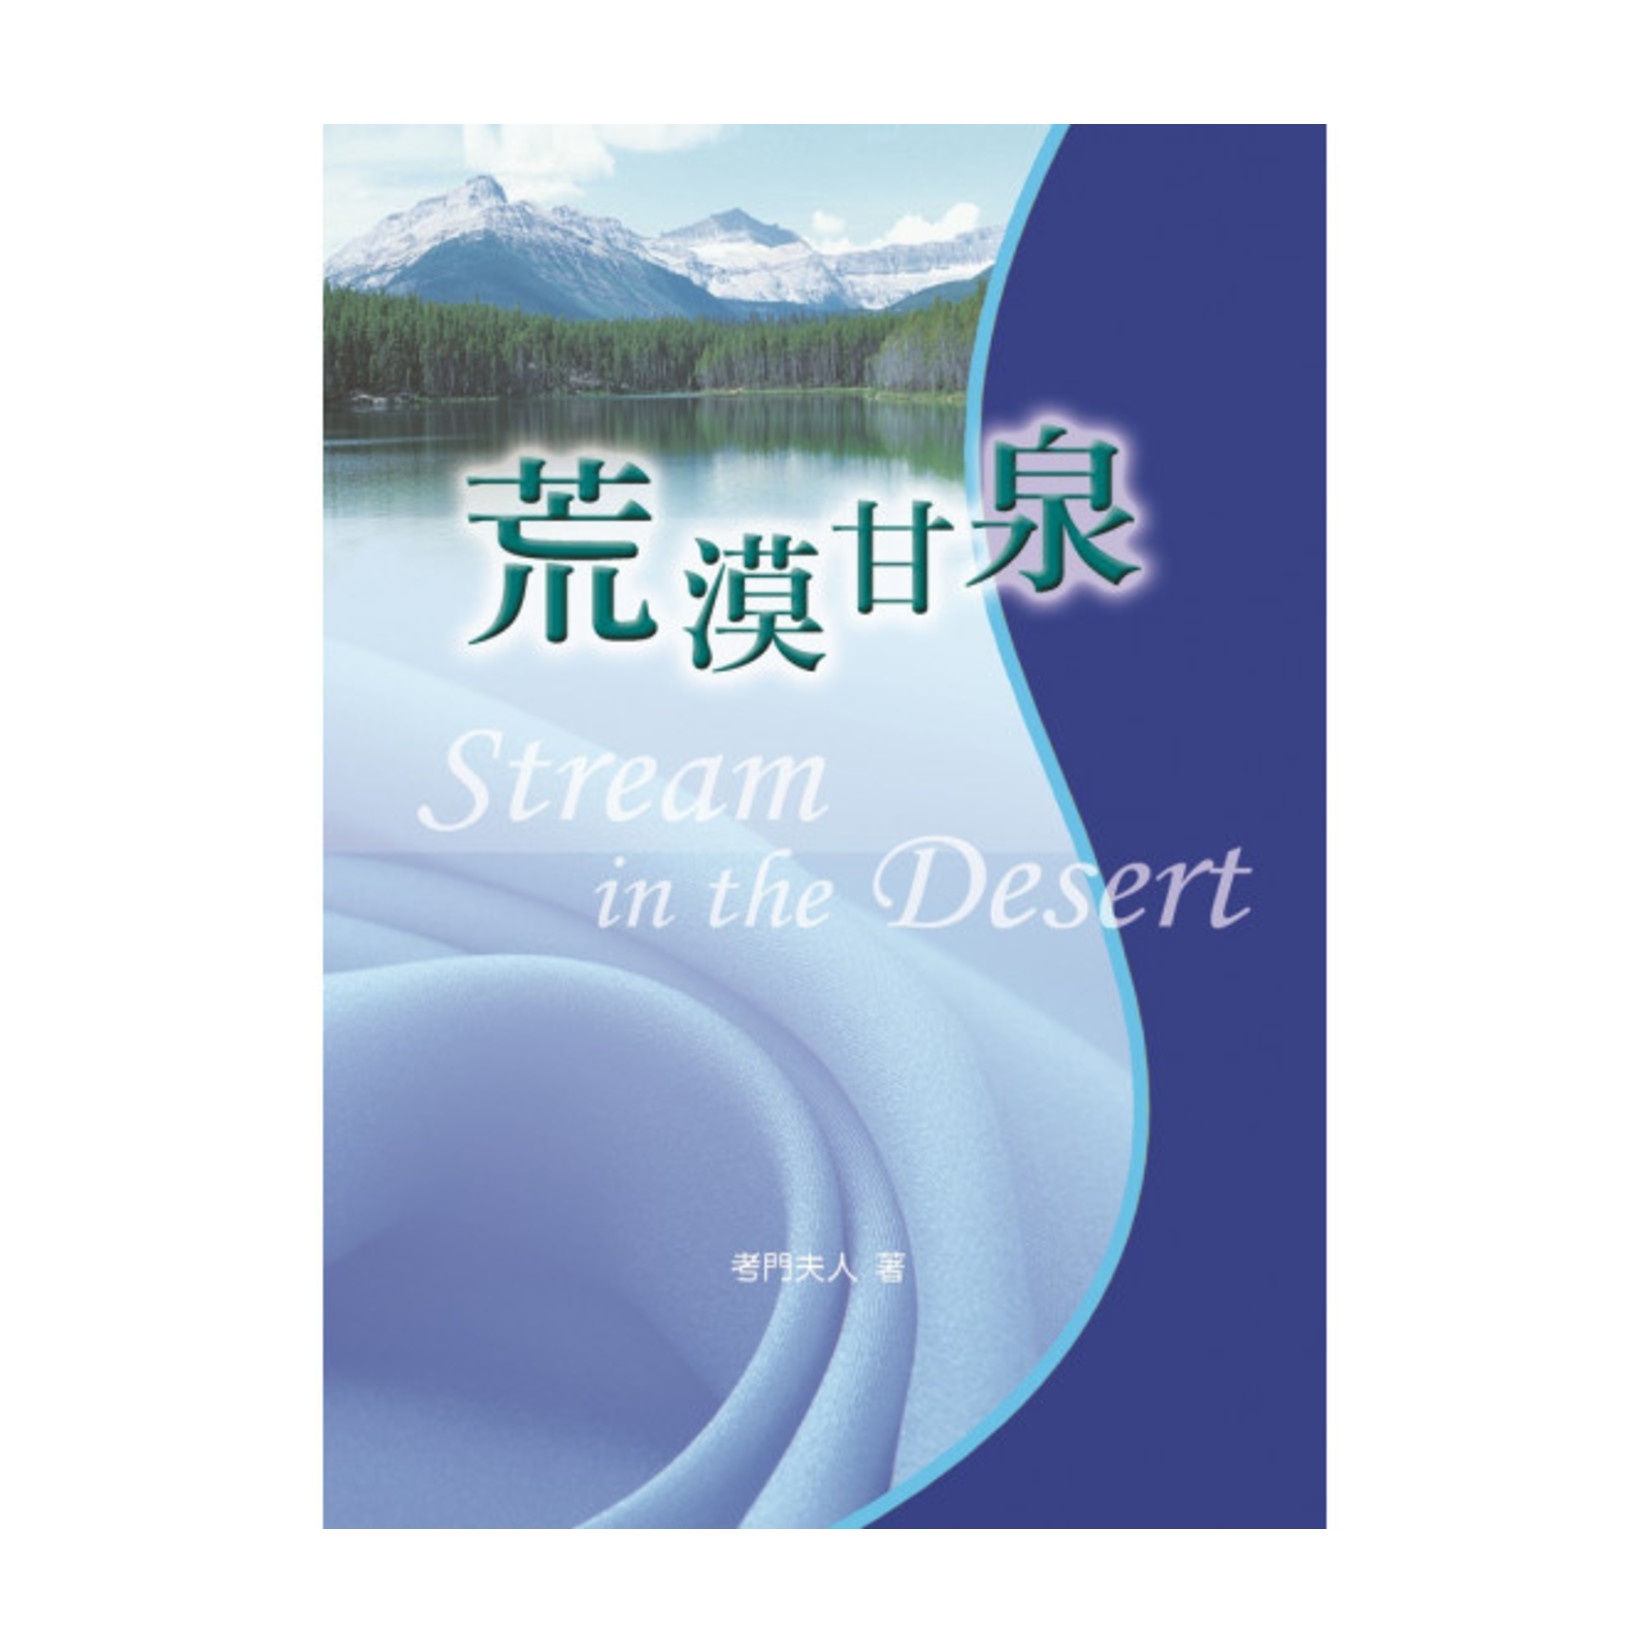 中國主日學協會 China Sunday School Association 荒漠甘泉（小本精裝）Streams in the Desert
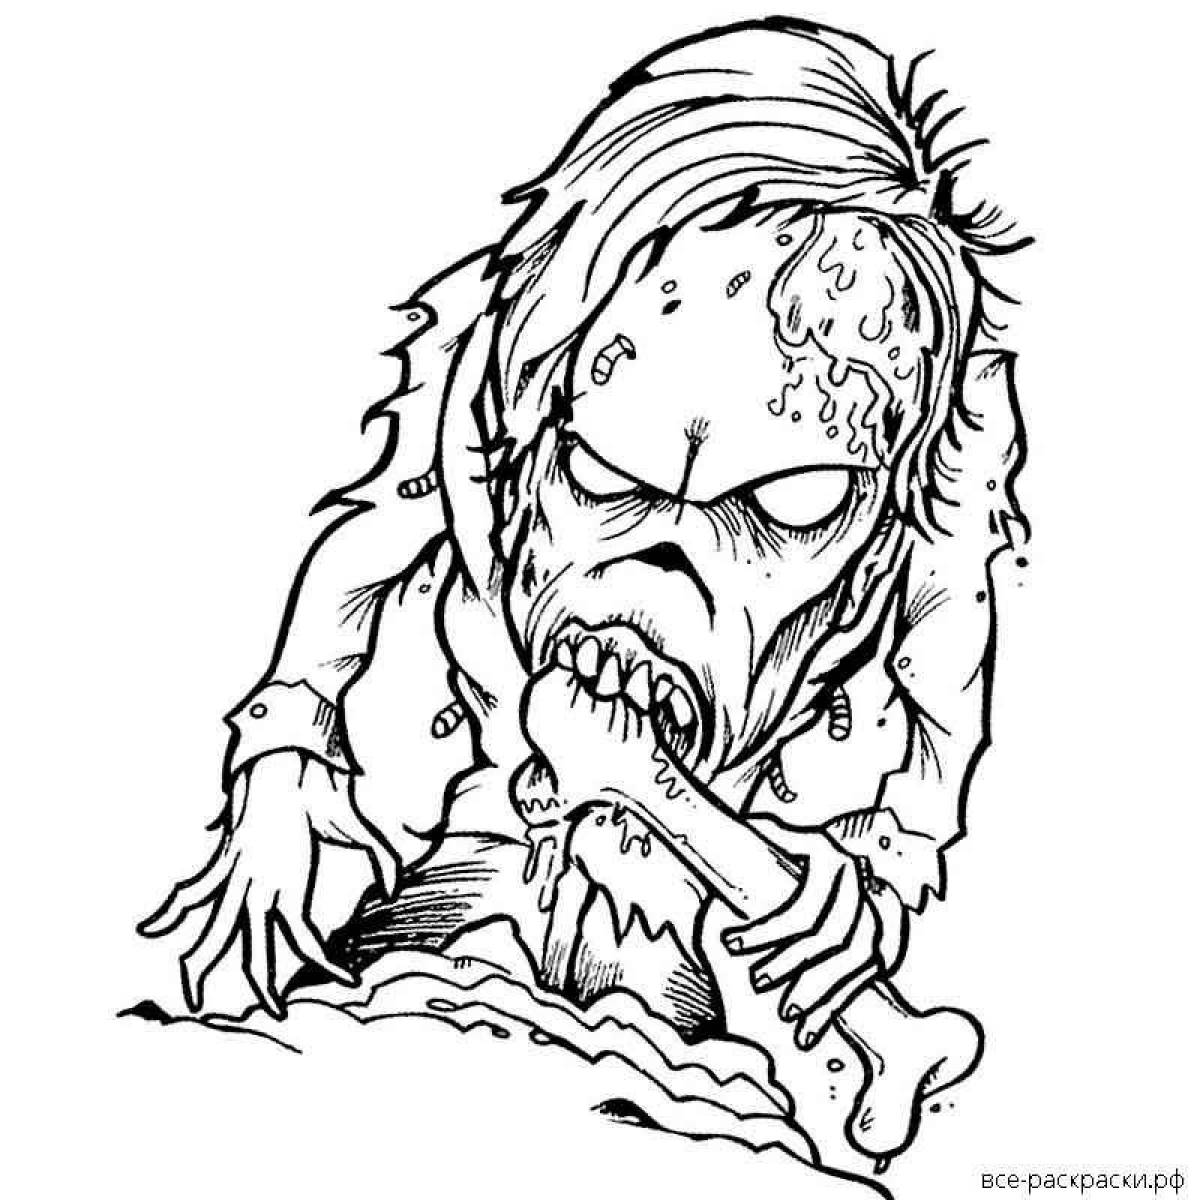 Photo Scary zombie apocalypse coloring book
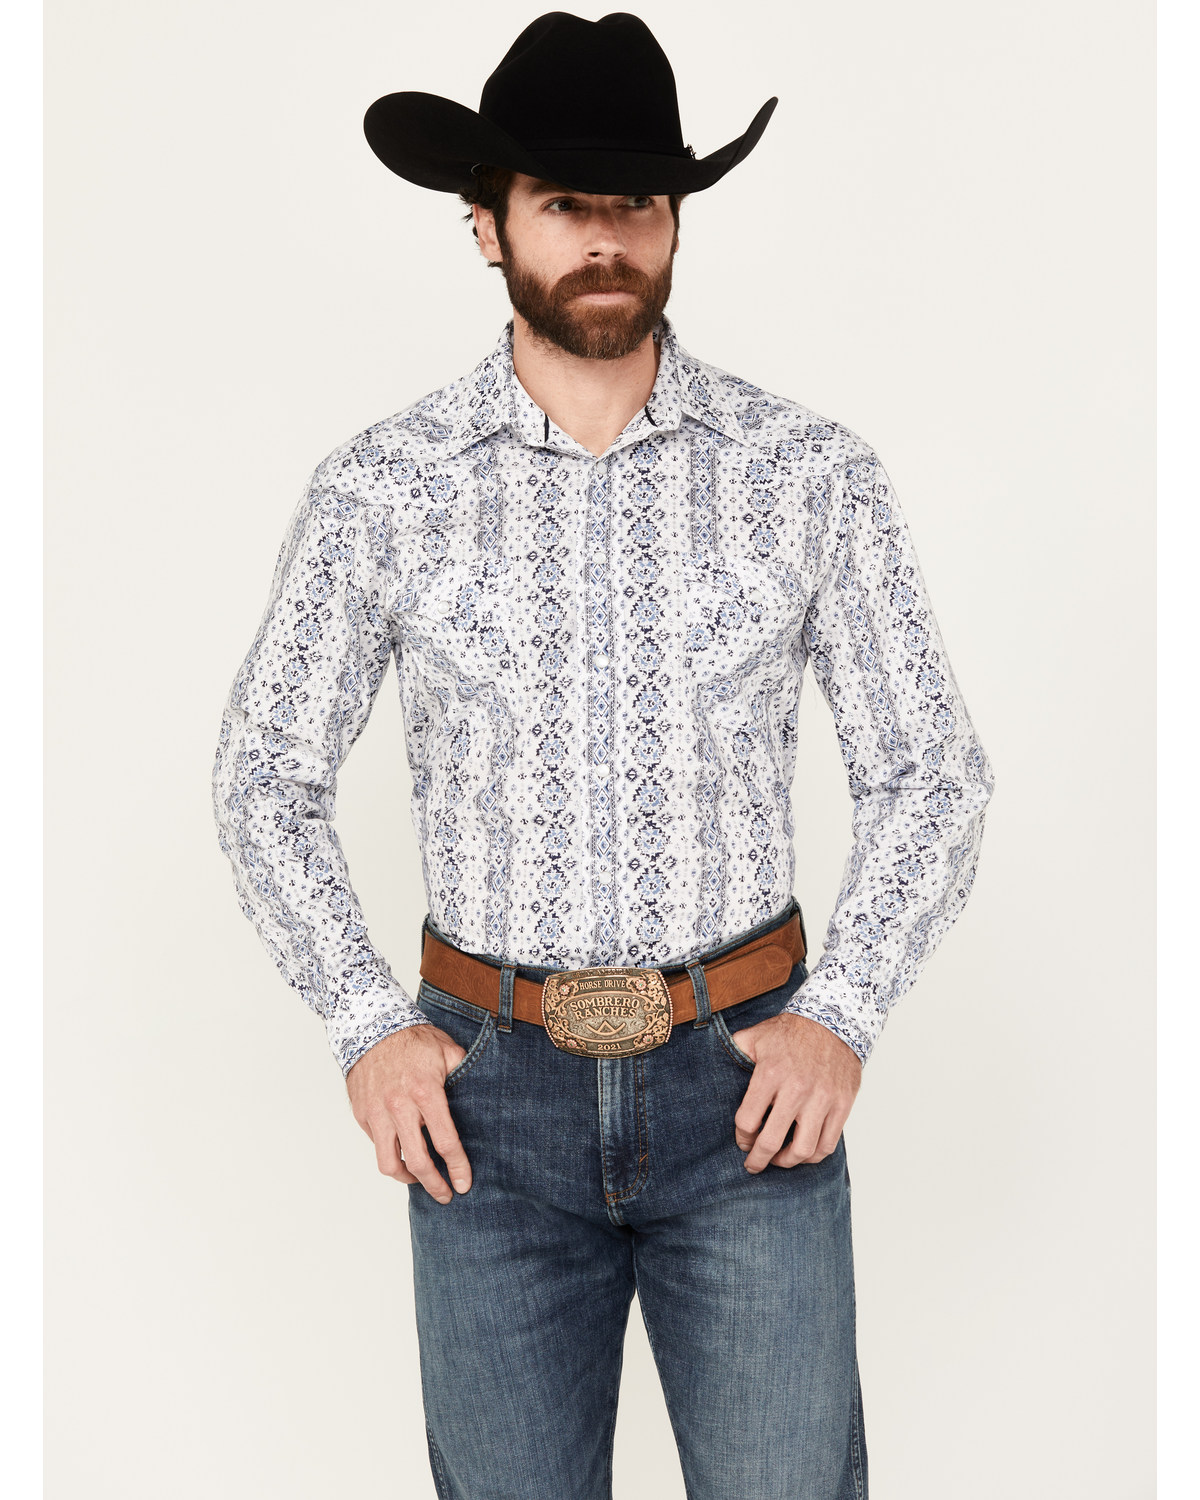 Rough Stock by Panhandle Men's Southwestern Print Long Sleeve Pearl Snap Western Shirt
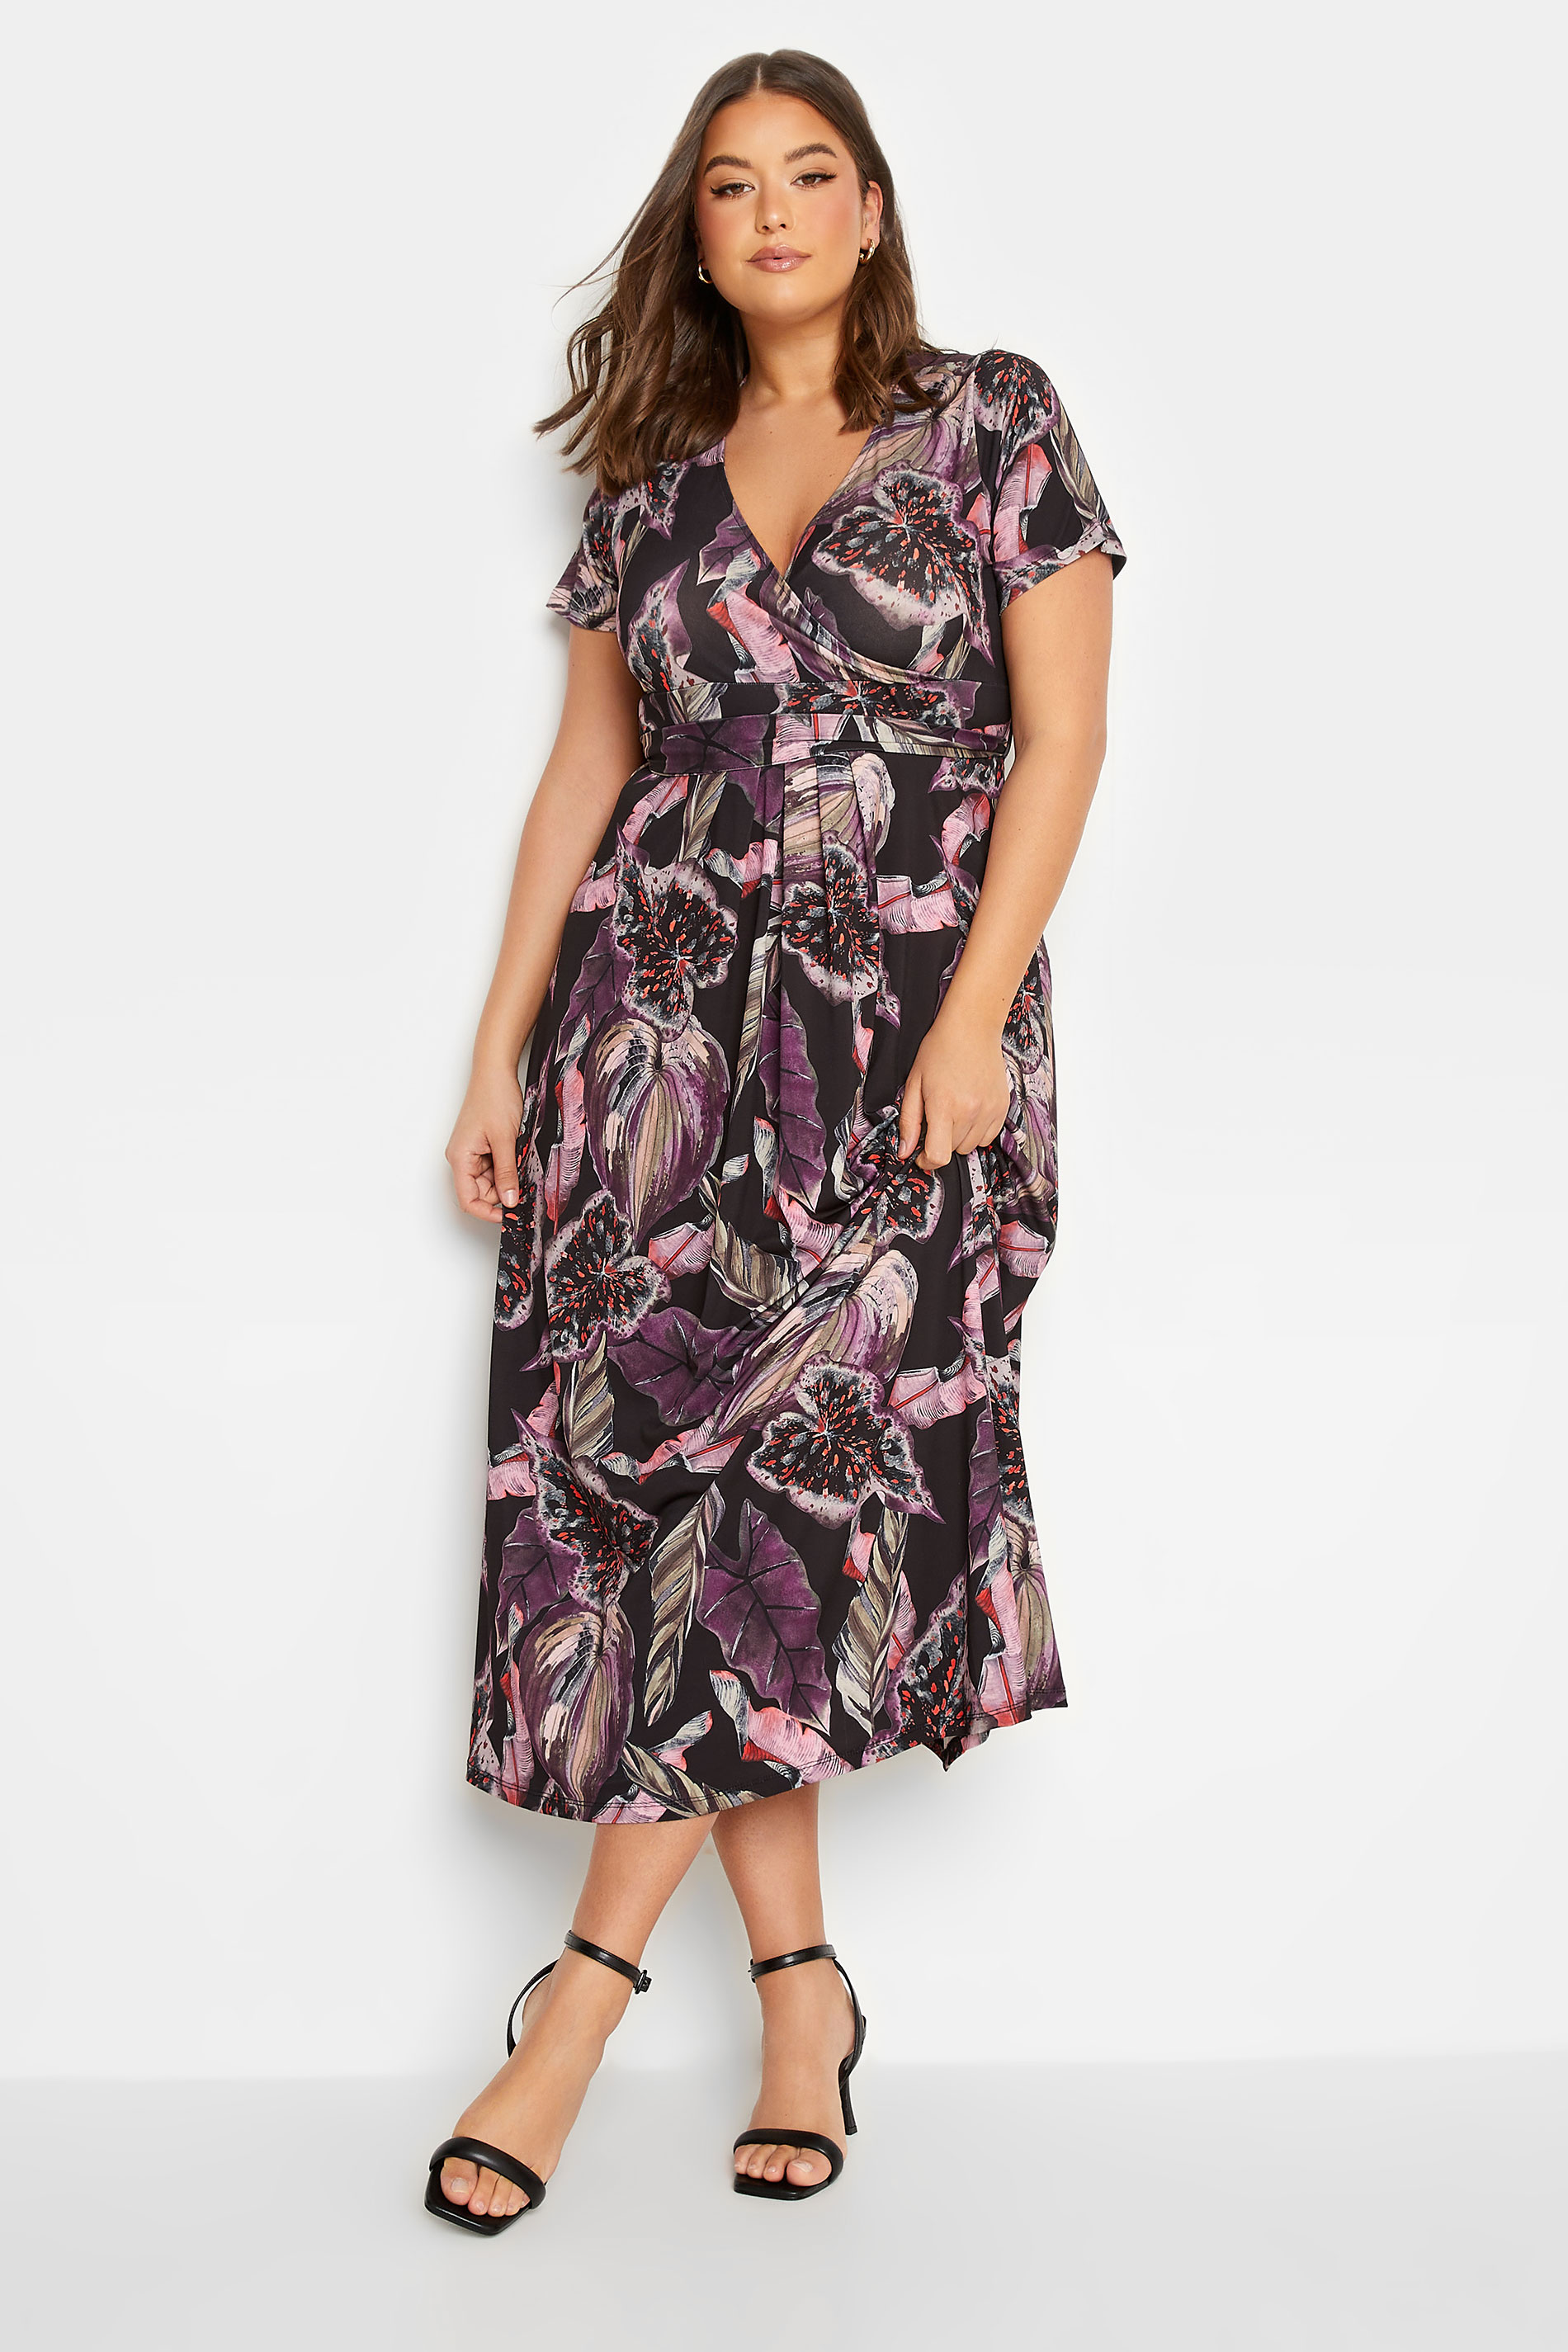 YOURS Curve Plus Size Black Leaf Print Wrap Dress | Yours Clothing  2

→ Problem to solve
The listing above should be repeated word for word, with every image left out.

→ Response area
 中國主日學協會 China Sunday School Association 荒漠甘泉（小本精裝）Streams in the Desert
 Photo Scary zombie apocalypse coloring book
 Rough Stock by Panhandle Men's Southwestern Print Long Sleeve Pearl Snap Western Shirt
 YOURS Curve Plus Size Black Leaf Print Wrap Dress | Yours Clothing  2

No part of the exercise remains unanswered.